The PR #6239 did not seem to be the correct fix.

amueller · 2016-11-02T20:06:56Z

LGTM, thanks :)

lesteve · 2016-11-04T18:34:59Z

sklearn/tests/test_multiclass.py

+    # A new class value which was not in the first call of partial_fit
+    # It should raise ValueError
+    y1 = [5] + y[7:-1]
+    assert_raises(ValueError, ovr.partial_fit, X=X[7:], y=y1)


Can you use assert_raises_regex to check the error message as well?

@lesteve Done!

but then you can drop this line.

raghavrv · 2016-11-05T10:51:54Z

Travis seems to fail... Could you fix that?

srivatsan-ramesh · 2016-11-05T10:57:04Z

@raghavrv It says HTTPError : 409 Client Error What do I do?

raghavrv · 2016-11-05T10:58:44Z

I've not looked into it, but I've restarted the build for you... Let's see if it is some spurious error.

srivatsan-ramesh · 2016-11-05T11:00:25Z

Ok 👍

srivatsan-ramesh · 2016-11-05T11:14:26Z

@raghavrv Thank you, Travis ran successfully.

jnothman

Otherwise LGTM

jnothman · 2016-11-05T12:50:53Z

sklearn/multiclass.py

+            self.label_binarizer_ = LabelBinarizer(sparse_output=True)
+            self.label_binarizer_.fit(self.classes_)
+
+        if not set(self.classes_).issuperset(y):


for large y, iteration may be much slower than using np.setdiff1d..?

Yes np.setdiff1d seems to be faster

due to the use of np.setdiff1d it is not possible to partial_fit with a sparse y

jnothman · 2016-11-05T12:55:14Z

sklearn/tests/test_multiclass.py

+    assert_equal(np.mean(pred == y), np.mean(pred1 == y))
+
+    # Test when mini batches doesn't have all classes
+    # with SGDClassifier


As a reader of the test, it's not clear why you would want to test with both these base estimators.

Also: can we do it in a loop for clarity that they're the same test?

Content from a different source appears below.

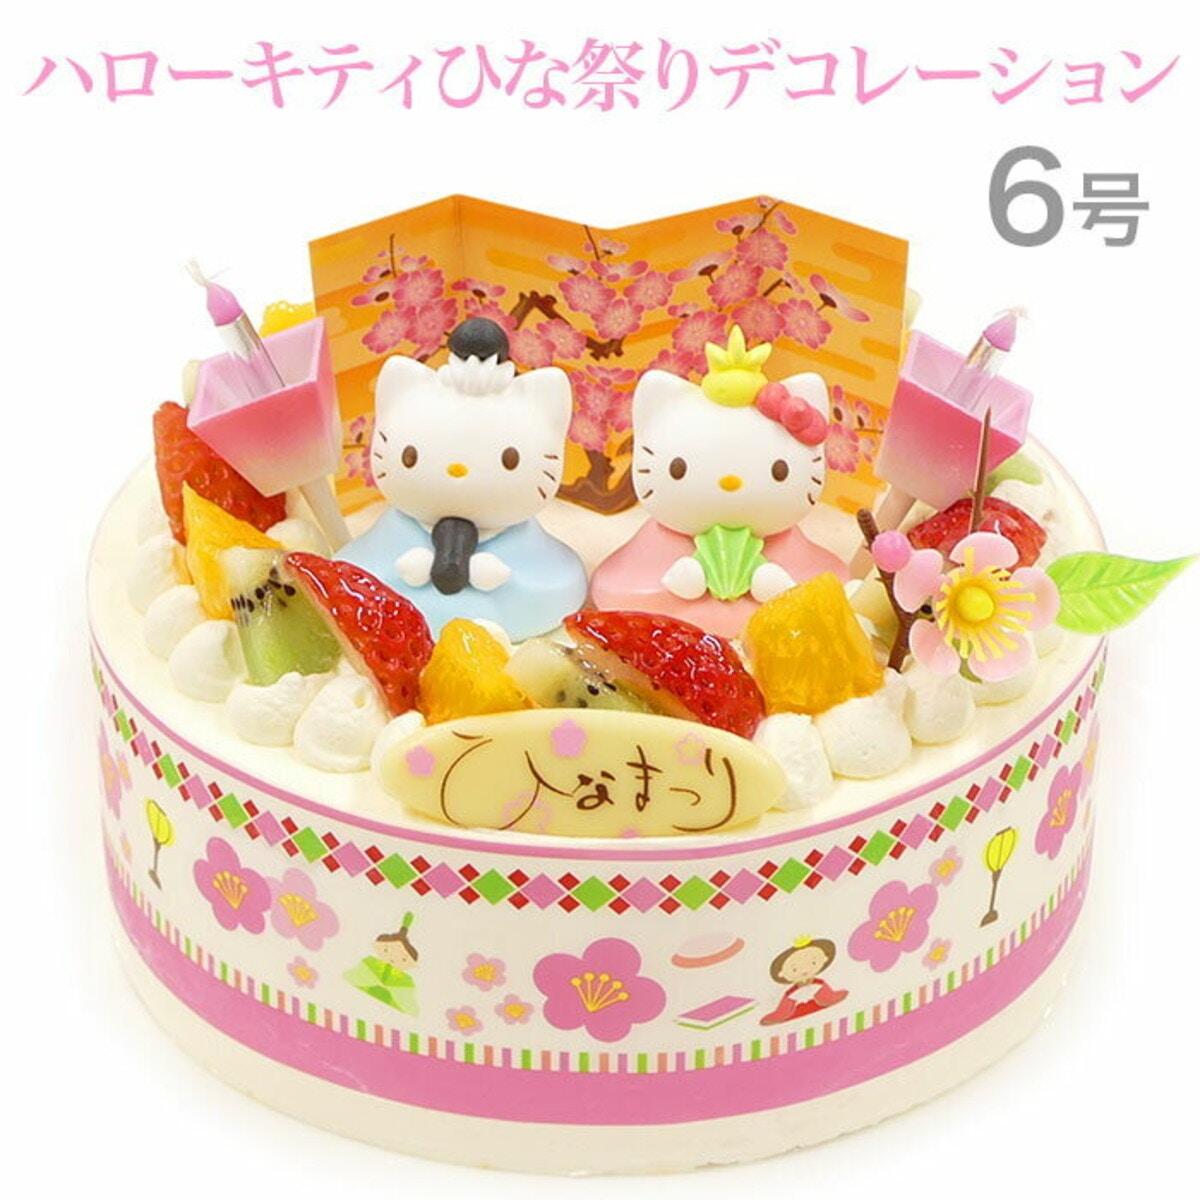 CAKE EXPRESS(加村牛乳店)「ハローキティ ひな祭りデコレーション」ケーキ
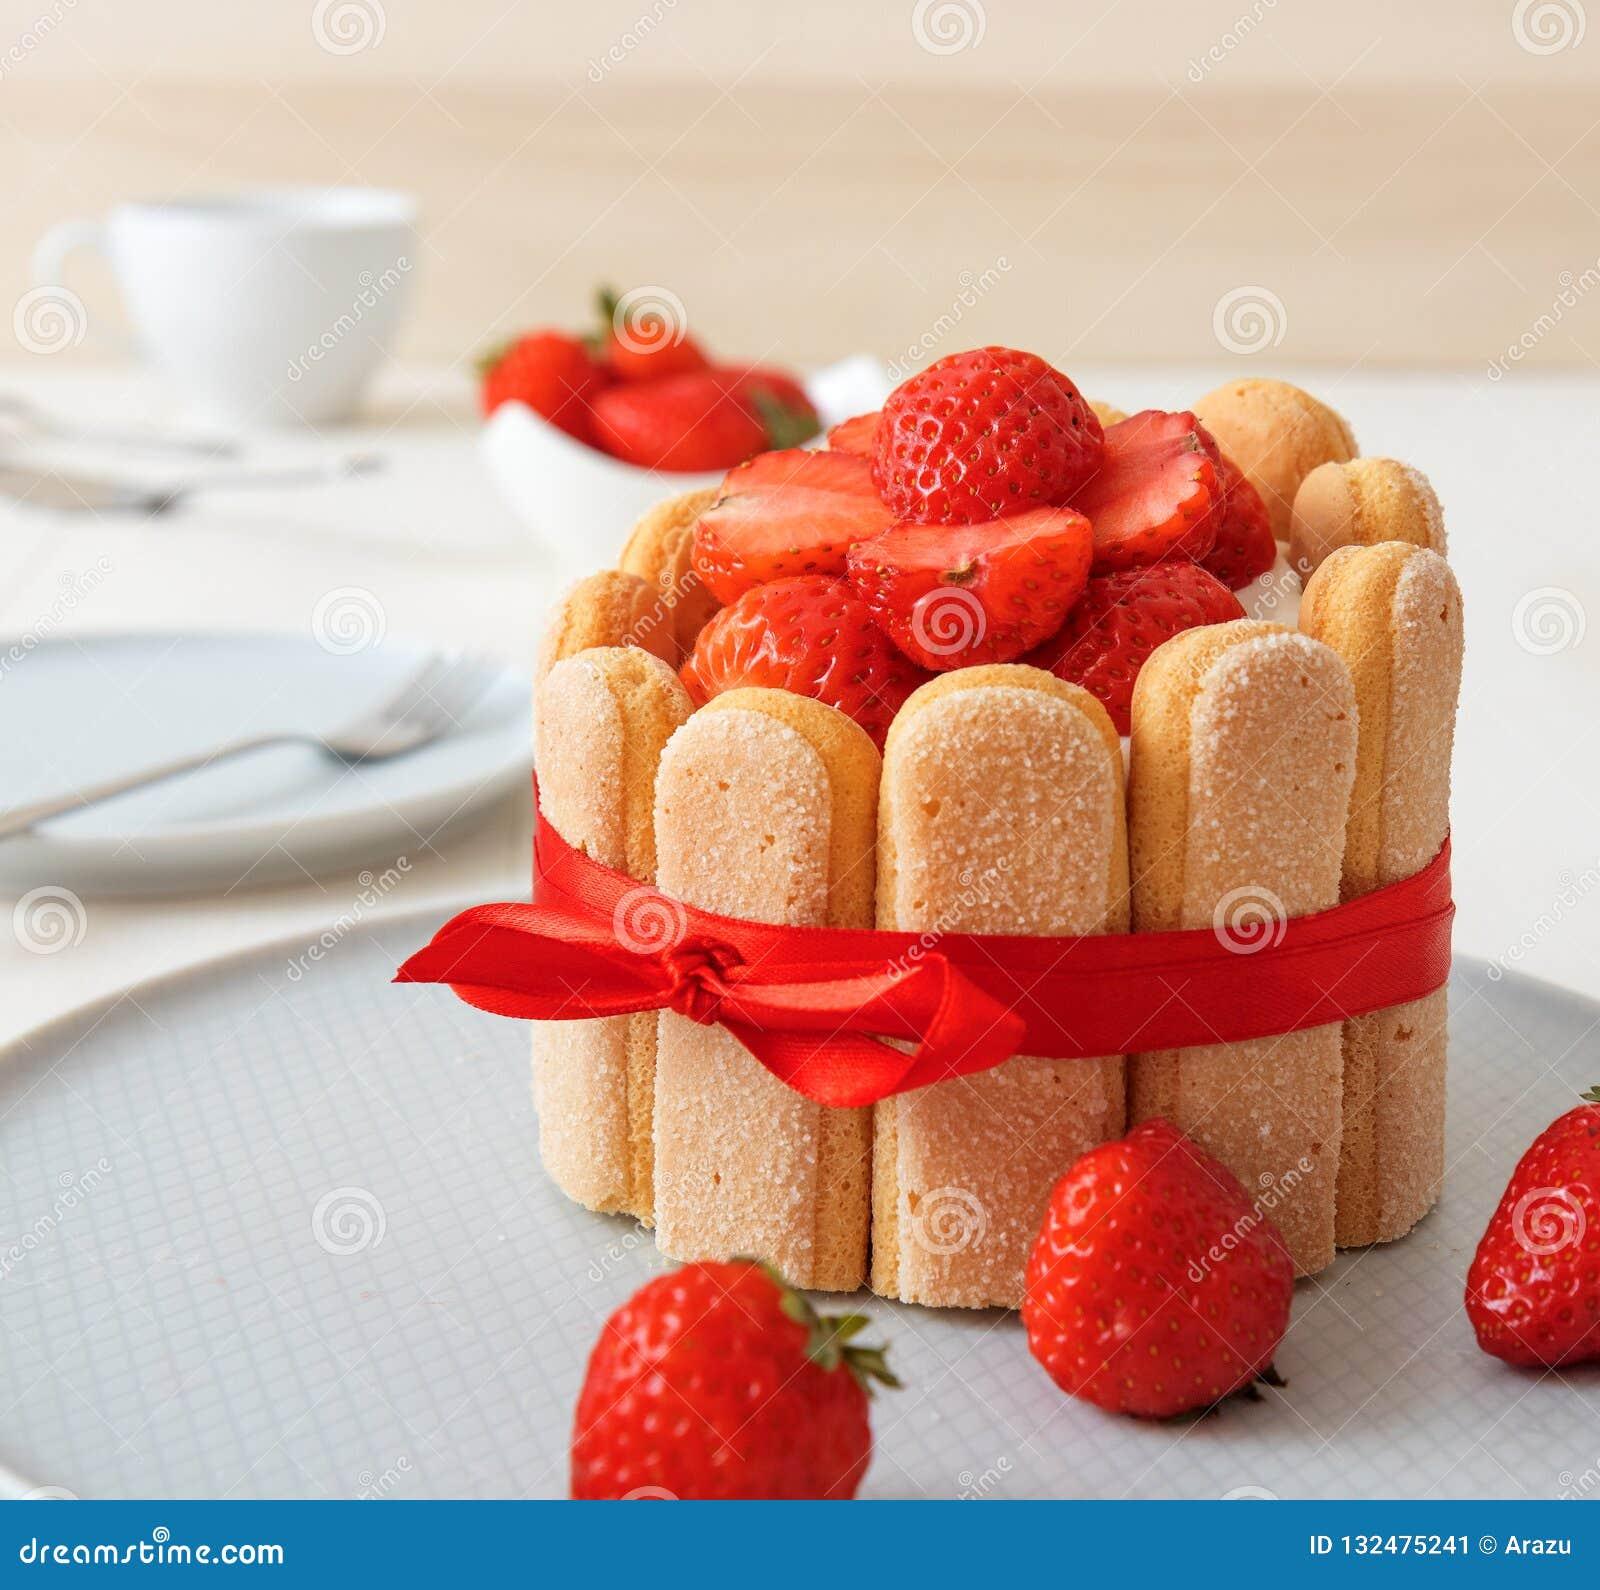 Десерт из клубники по французский

In the previous PR #6239 , the author of the PR was able to create a fix which worked with MultinomialNB but not with SGDClassifier. That's why I added SGDClassifier also. But i think only testing with SGDClassifier is enough, @jnothman ?

Yes, happy for it to just be SGDClassifier

jnothman · 2016-11-05T12:56:06Z

sklearn/tests/test_multiclass.py

+    # A new class value which was not in the first call of partial_fit
+    # It should raise ValueError
+    y1 = [5] + y[7:-1]
+    assert_raises(ValueError, ovr.partial_fit, X=X[7:], y=y1)


but then you can drop this line.

jnothman · 2016-11-05T21:27:47Z

Thanks, @srivatsan-ramesh

jnothman · 2016-11-05T21:28:21Z

Sorry, I forgot to have you write an entry in doc/whats_new.rst Could you please submit a quick PR describing the fix?

srivatsan-ramesh · 2016-11-06T07:01:27Z

@jnothman Created a PR!

* mini-batch can now contain less number of classes than actual data * added tests where mini batches doesn't contain all classes

elcombato · 2016-11-14T16:34:11Z

Due to np.setdiff1d in this line of partial_fit, it is not possible to pass a sparse matrix for y.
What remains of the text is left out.